Lease deal safeguards future of British GP’s home
The British Racing Drivers’ Club is set to hand over the running of Silverstone circuit on a long-term lease to an unspecified bidder — and details could be announced as early as the beginning of October.
The BRDC board is aiming to announce the deal, which is in the final stages of negotiation, to its members at its annual general meeting on October 4. It would follow the announcement of a deal with commercial property company MPEC, which is owned by the BT pension scheme, that covers land owned by the BRDC outside the perimeter of the circuit facility.
BRDC chairman Stuart Rolt explained that the second deal was designed to facilitate the kind of investment required to maintain the home of the British Grand Prix as a premier venue for F1 and other international formulae. “We are very optimistic that we will be stepping back from the day to day running of the circuit,” he said. “In terms of future investment we are talking about a bridge over the circuit to The Wing [the new pit complex completed in 2011, above] and three hotels to make the facility even better. We think someone with deeper pockets can take responsibility for that.”
Rolt pointed out that Silverstone stands alone as an F1 venue operating without government subsidy.
“Ours is the only venue that has to make the GP and the circuit pay,” he said. “Every other [Fl] circuit is subsidised by the local authority or national government and it doesn’t really matter if the GP makes money. We’ve managed, but it is not a very comfortable business existence.”
The deal, about which the BRDC cannot comment under confidentiality agreements, is understood to have been agreed.
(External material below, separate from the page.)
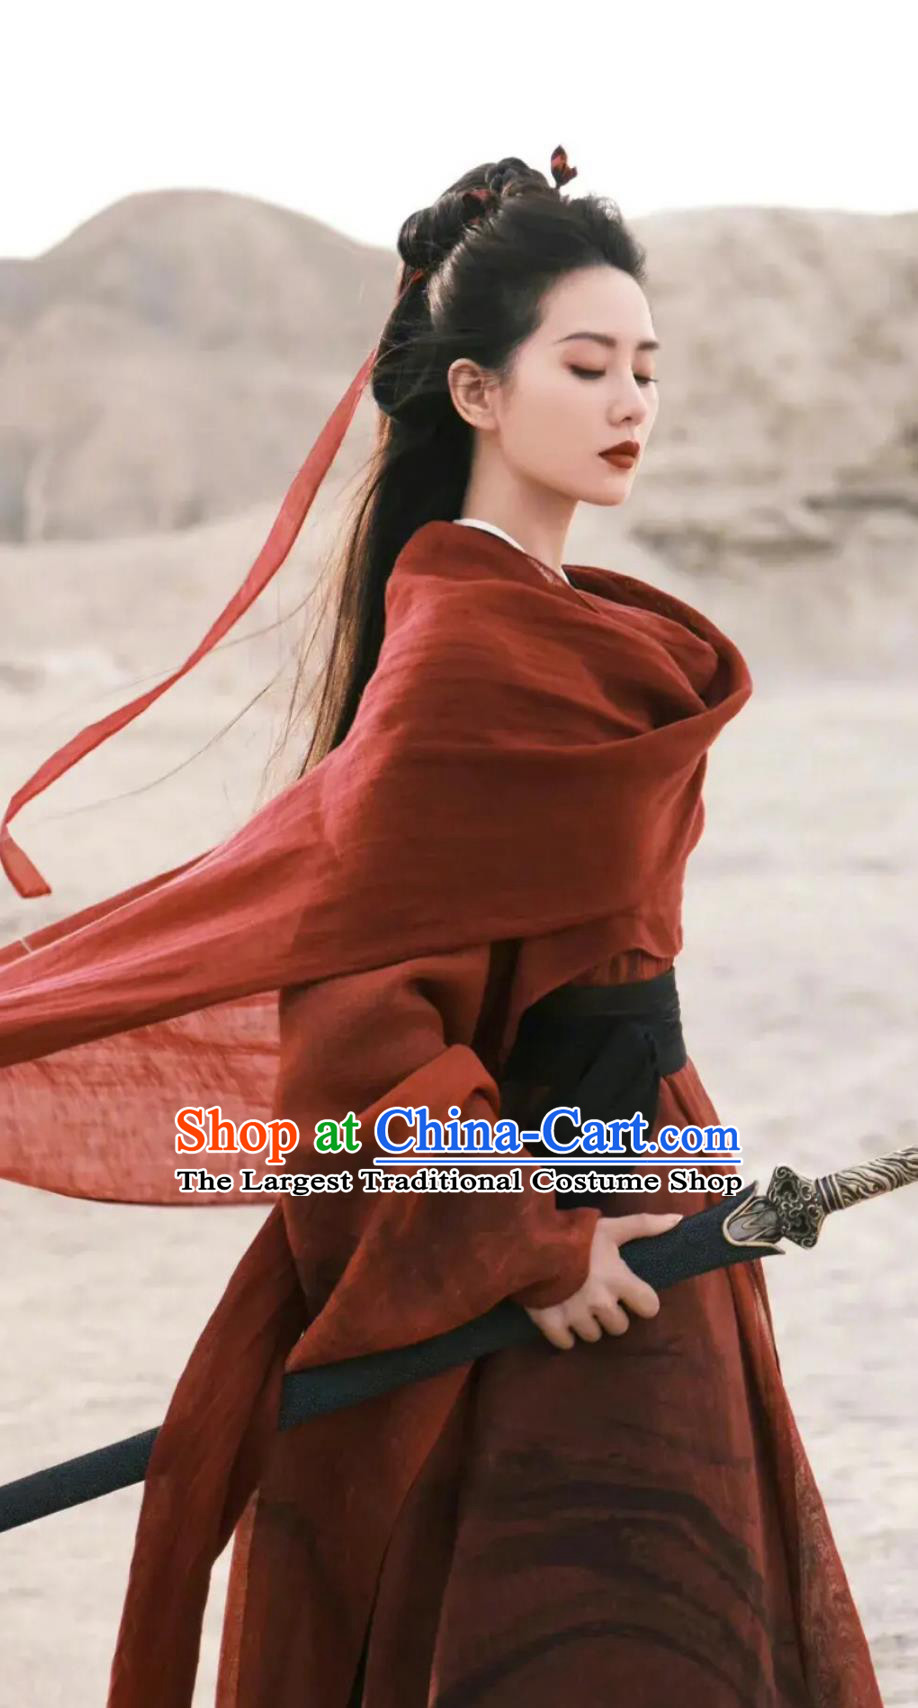 China Wuxia Kungfu Clothing 2023 TV Series A Journey To Love Swordswoman Ren Ru Yi Red Dress Ancient Chinese Female Assassin Costume

The potential lease-holder is now going through a process of due diligence that Rolt is hopeful will be completed “in the next few weeks”. The 800-strong membership of the club, which operates as a mutual society, will have no right of veto on the deal. It gave its board authority to negotiate such a deal to safeguard the track’s future under a Members’ Charter agreed three years ago. The charter includes certain safeguards about the usage of Silverstone in the future. It states that any deal must result in the circuit’s primary function remaining “essentially a venue for car racing”.
It reads: “The configuration, nature and quality of the race track, together with the associated buildings and media and spectator facilities, shall remain as befitting Silverstone as a premier international motor racing venue capable of holding the premier tiers of international motor racing.” It further states that the lessee will be under obligation to secure major motor racing events on an annual basis.
The charter also enshrines the BRDC’s home at Silverstone. It includes guarantees concerning the state and location of the BRDC clubhouse and rights of access to the circuit for members. The Charter was agreed after the members rejected a previous proposal from the board for Silverstone Circuits Ltd, which is wholly owned by the BRDC, to lease the venue. In 2005 the board negotiated a deal with horse-racing conglomerate Northern Racing (now part of Arena Leisure).
The new deal would mark only the second time since the BRDC took over Silverstone in 1952 that it has handed control of the circuit to a third party. The BRDC did what turned out to be a short-lived deal with Octagon in December 2000 after Brands Hatch owner Nicola Foulston sold her contract to host the British GP to the US sports marketing giant.
Octagon subsequently withdrew from the deal in March 2003, which resulted in the British F1 fixture’s original omission from the 2005 calendar.
Rolt said he was confident there would be no repeat with the new group set to take what is rumoured to be a 150-year lease on the facility. “We have thought about that long and hard,” he said, “but when we tell you who they are, I think the world will be comfortable with them.”
The MPEC deal covers 760 acres of industrial land, which includes the Silverstone Industrial Estates.
It has taken a 999-year lease for £32 million, which has allowed the BRDC to pay off the short-term loans it took with Lloyds and Northamptonshire County Council to fund development of The Wing and the creation of the current circuit layout.